Word for word, print each line of the listing below; pictures stay out.

Given data -
[Start of section]
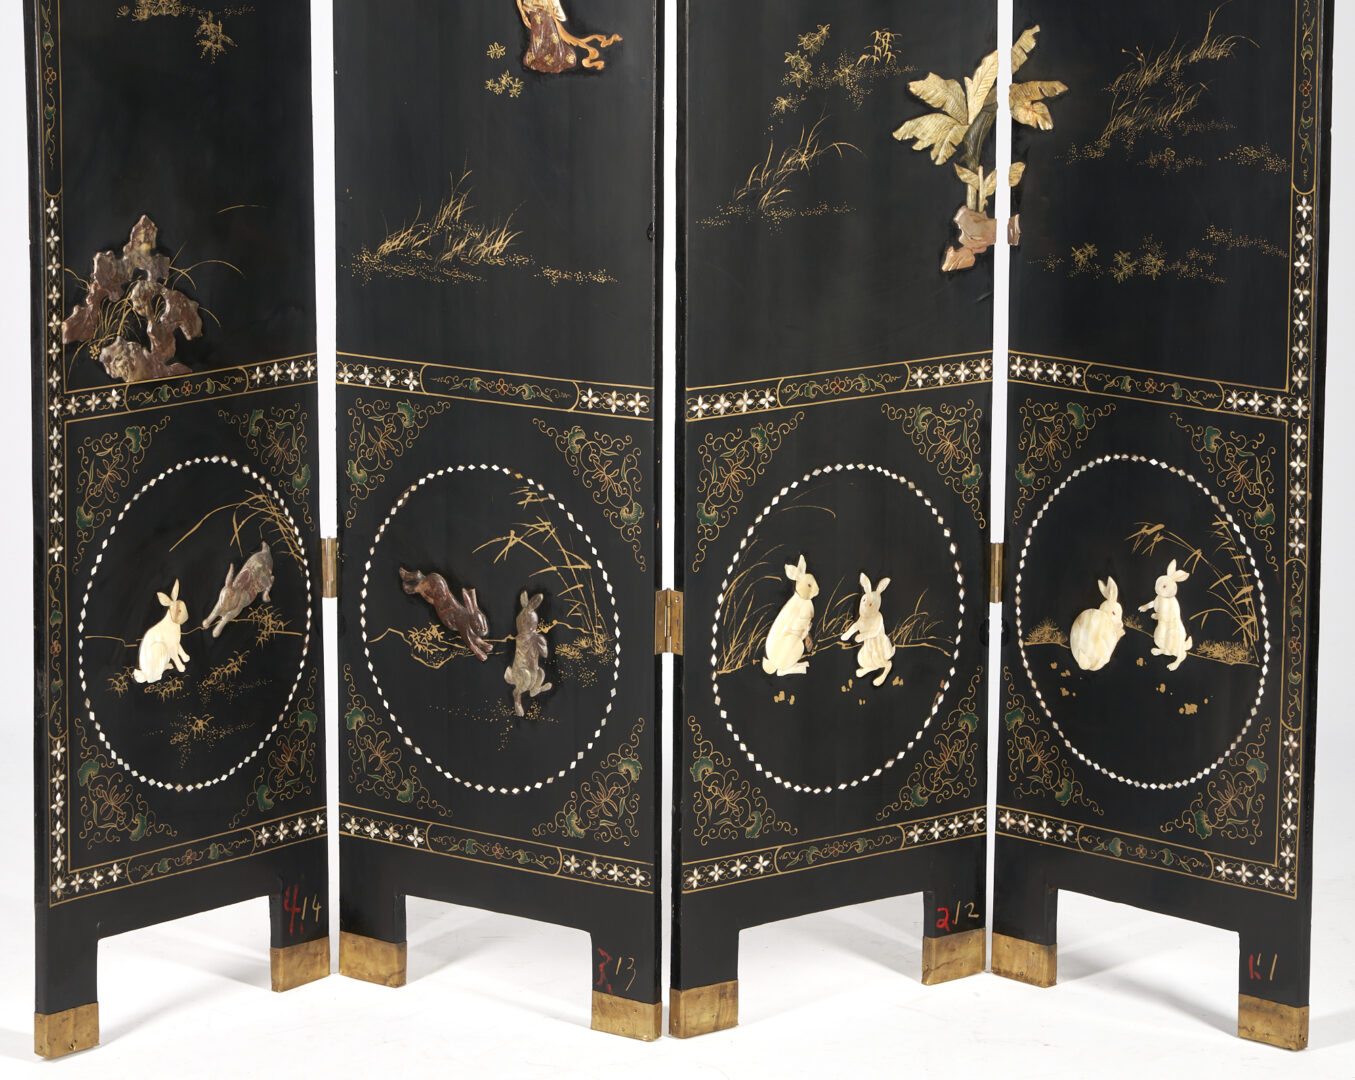 Lot 242: Chinese 4-Panel Inlaid & Hardstone Lacquer Screen
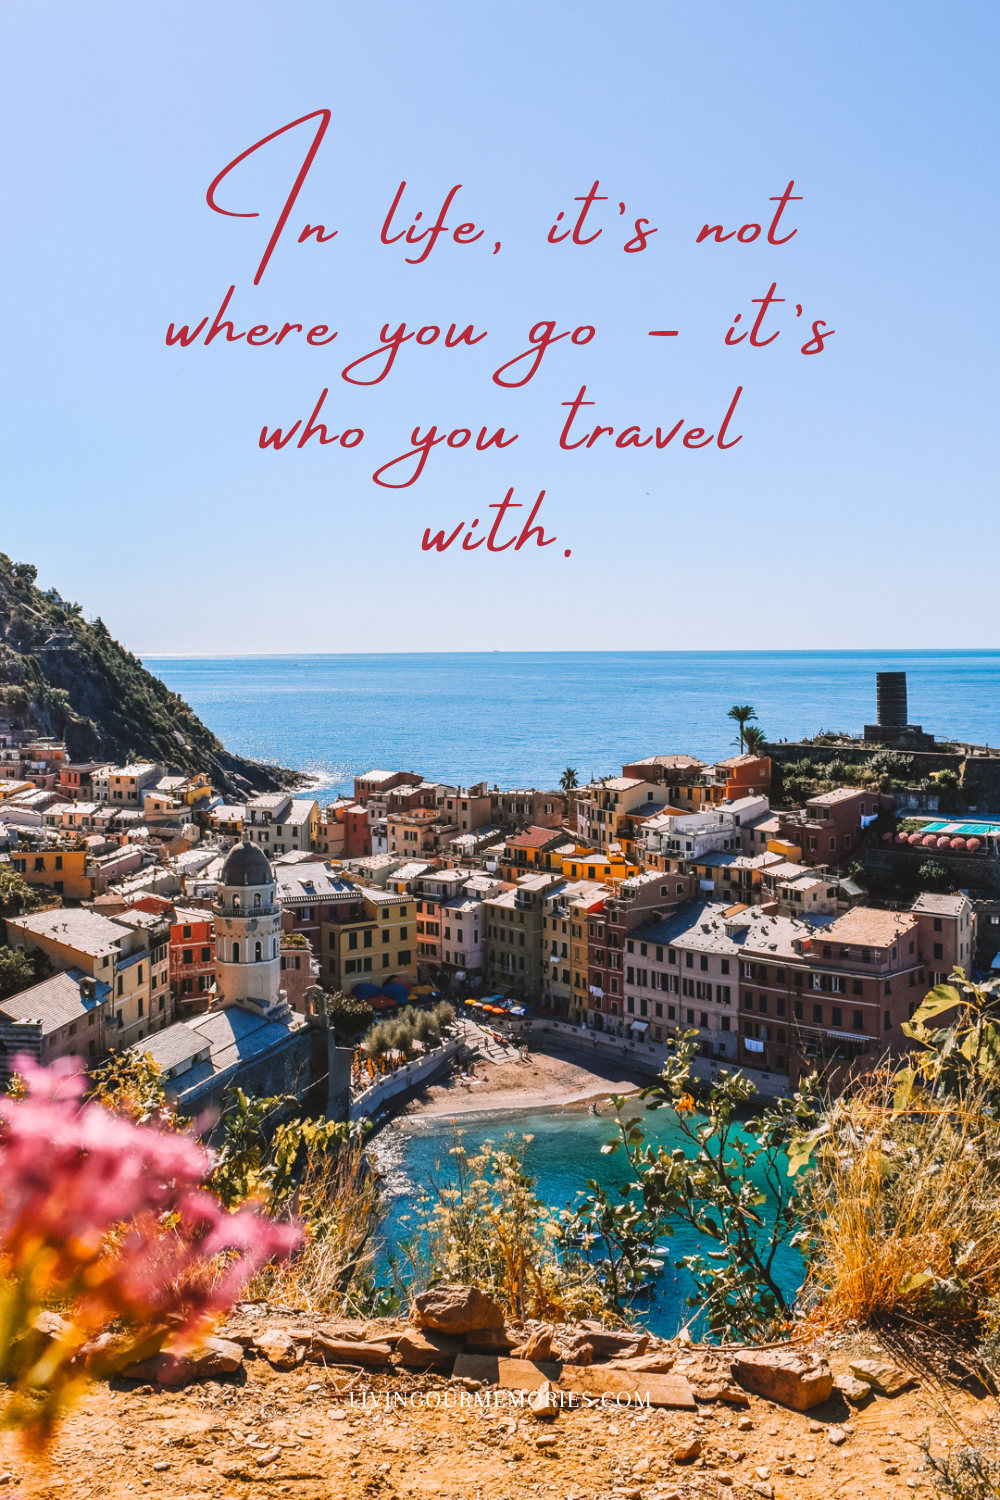 In life, it's not where you go - it's who you travel with,
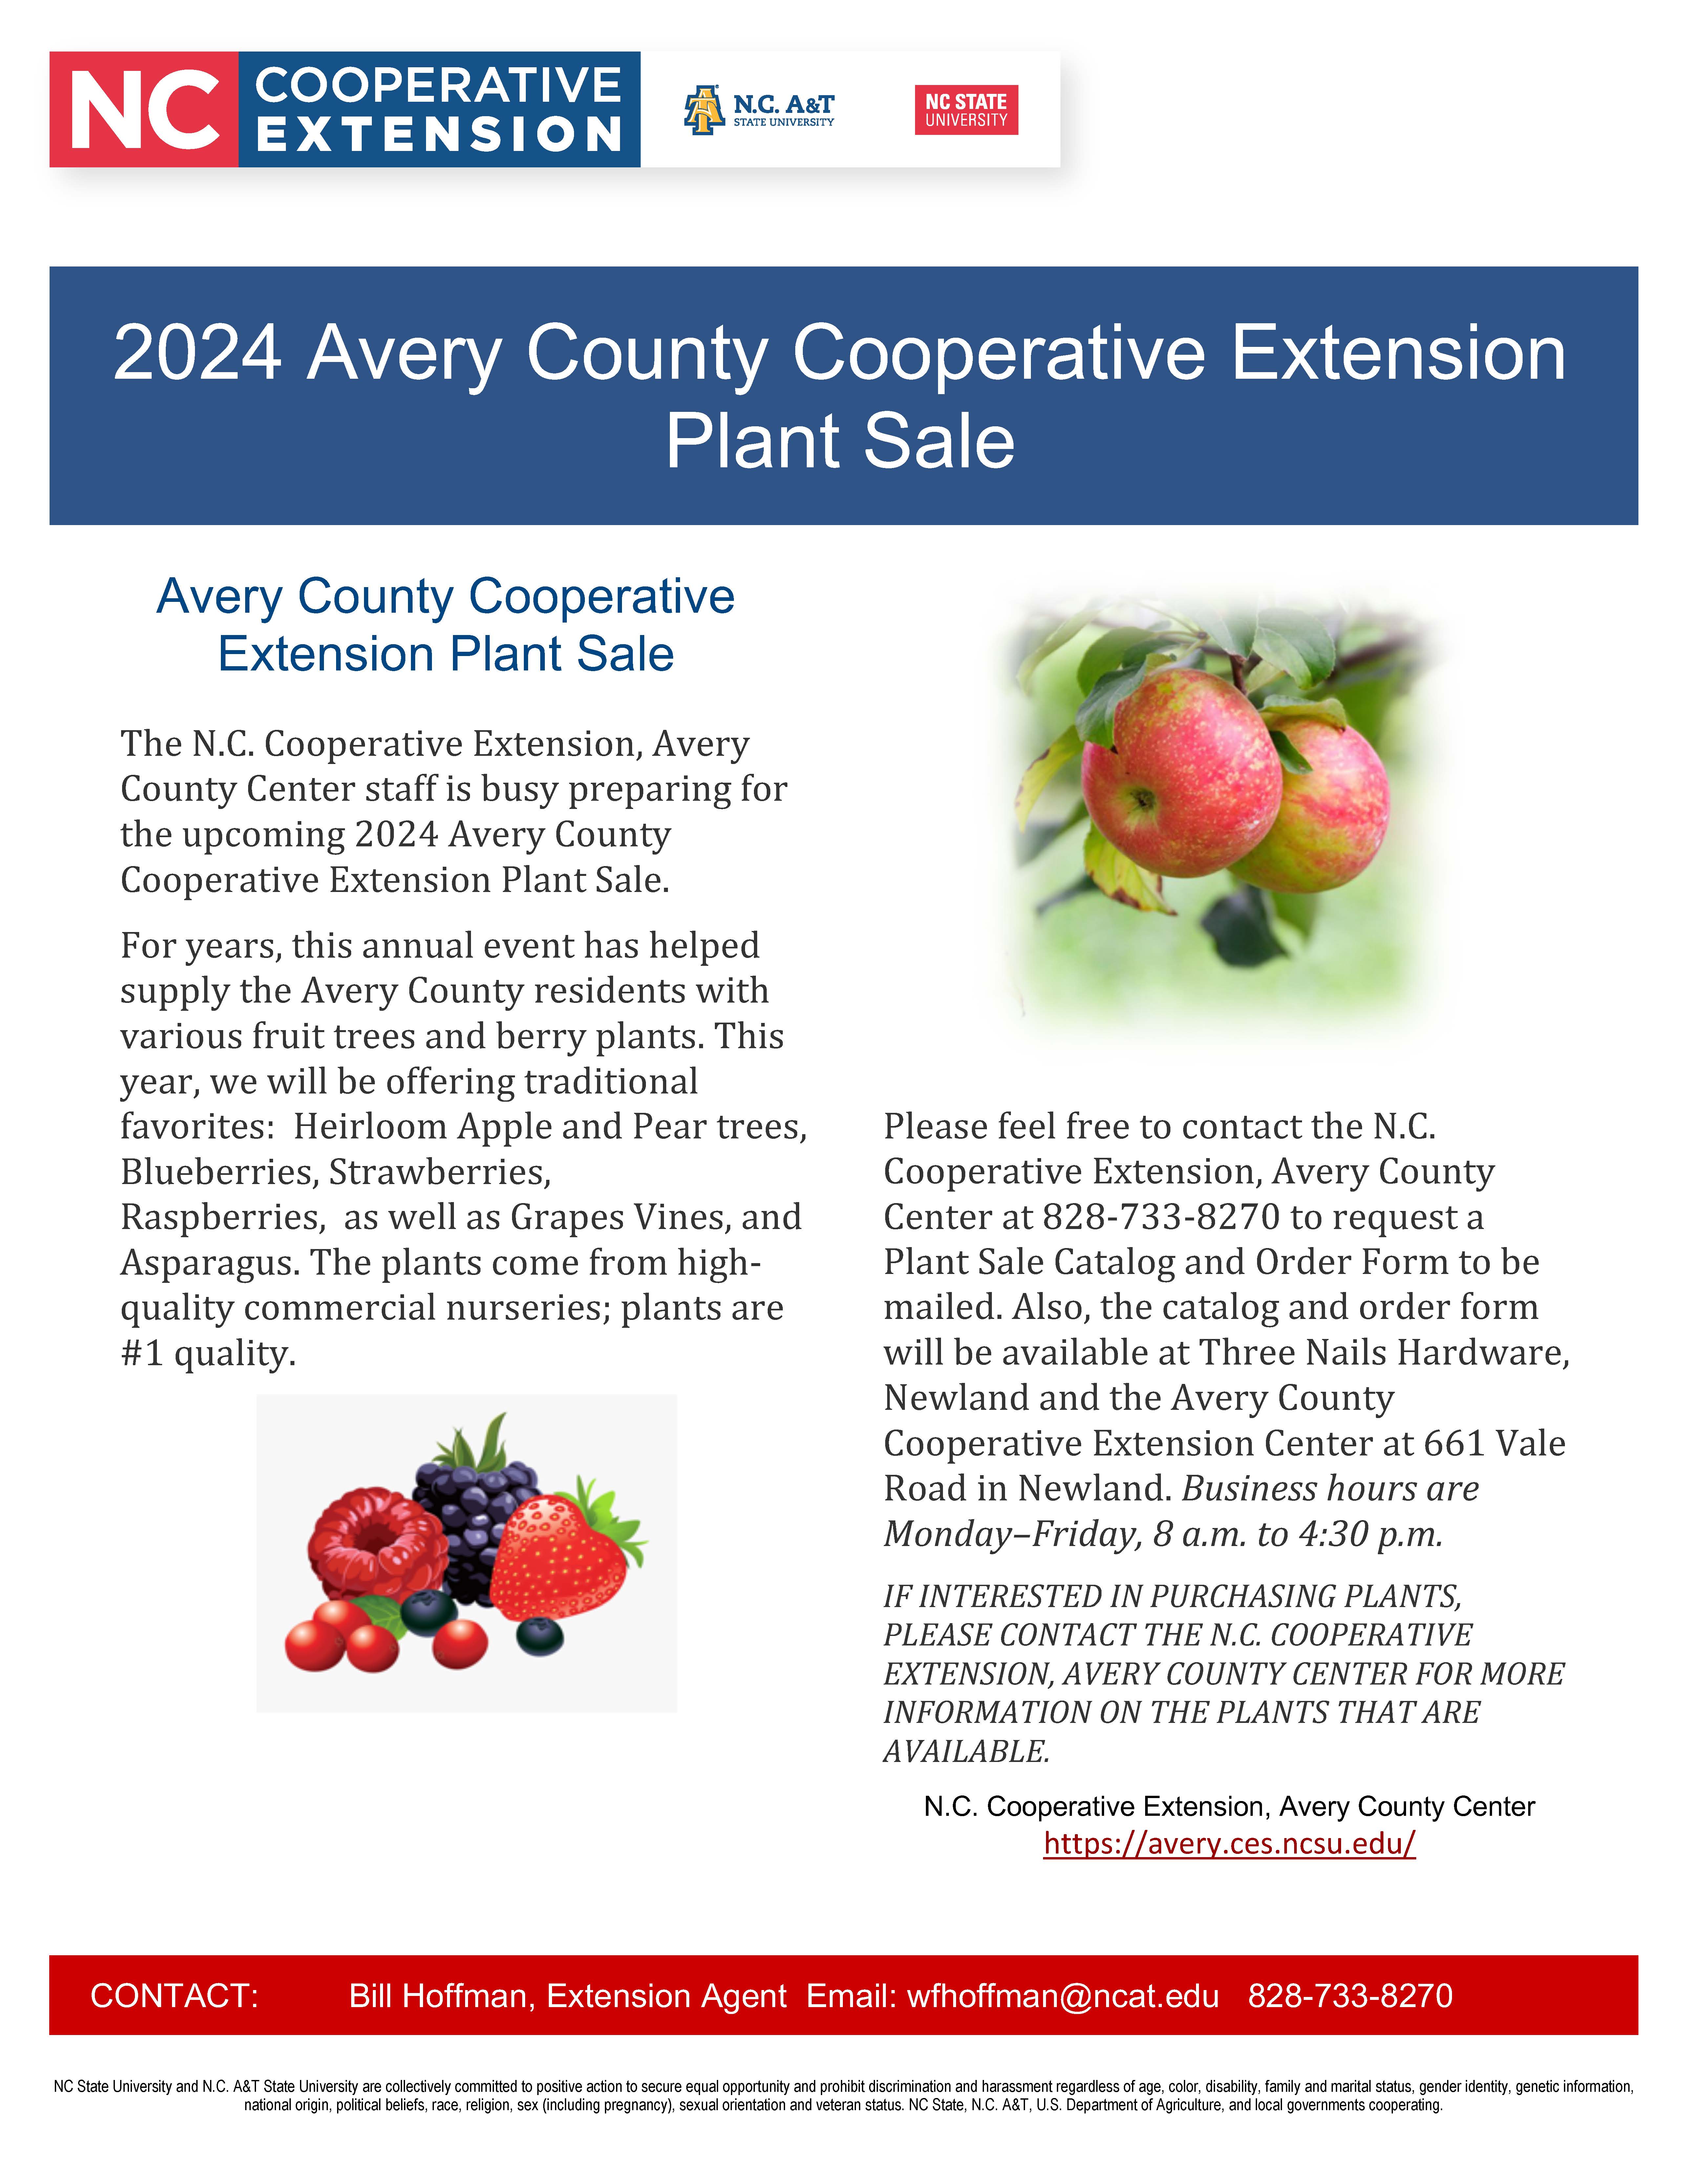 The N.C. Cooperative Extension, Avery County Center staff is busy preparing for the upcoming 2024 Avery County Cooperative Extension Plant Sale. For years, this annual event has helped supply the Avery County residents with various fruit trees and berry plants. This year, we will be offering traditional favorites: Heirloom Apple and Pear trees, Blueberries, Strawberries, Raspberries, as well as Grapes Vines, and Asparagus. The plants come from high- quality commercial nurseries; plants are #1 quality.
[End of section]
Reply to the task -
 Lot 242: Chinese 4-Panel Inlaid & Hardstone Lacquer Screen
 In life, it's not where you go - it's who you travel with,
 The N.C. Cooperative Extension, Avery County Center staff is busy preparing for the upcoming 2024 Avery County Cooperative Extension Plant Sale. For years, this annual event has helped supply the Avery County residents with various fruit trees and berry plants. This year, we will be offering traditional favorites: Heirloom Apple and Pear trees, Blueberries, Strawberries, Raspberries, as well as Grapes Vines, and Asparagus. The plants come from high- quality commercial nurseries; plants are #1 quality.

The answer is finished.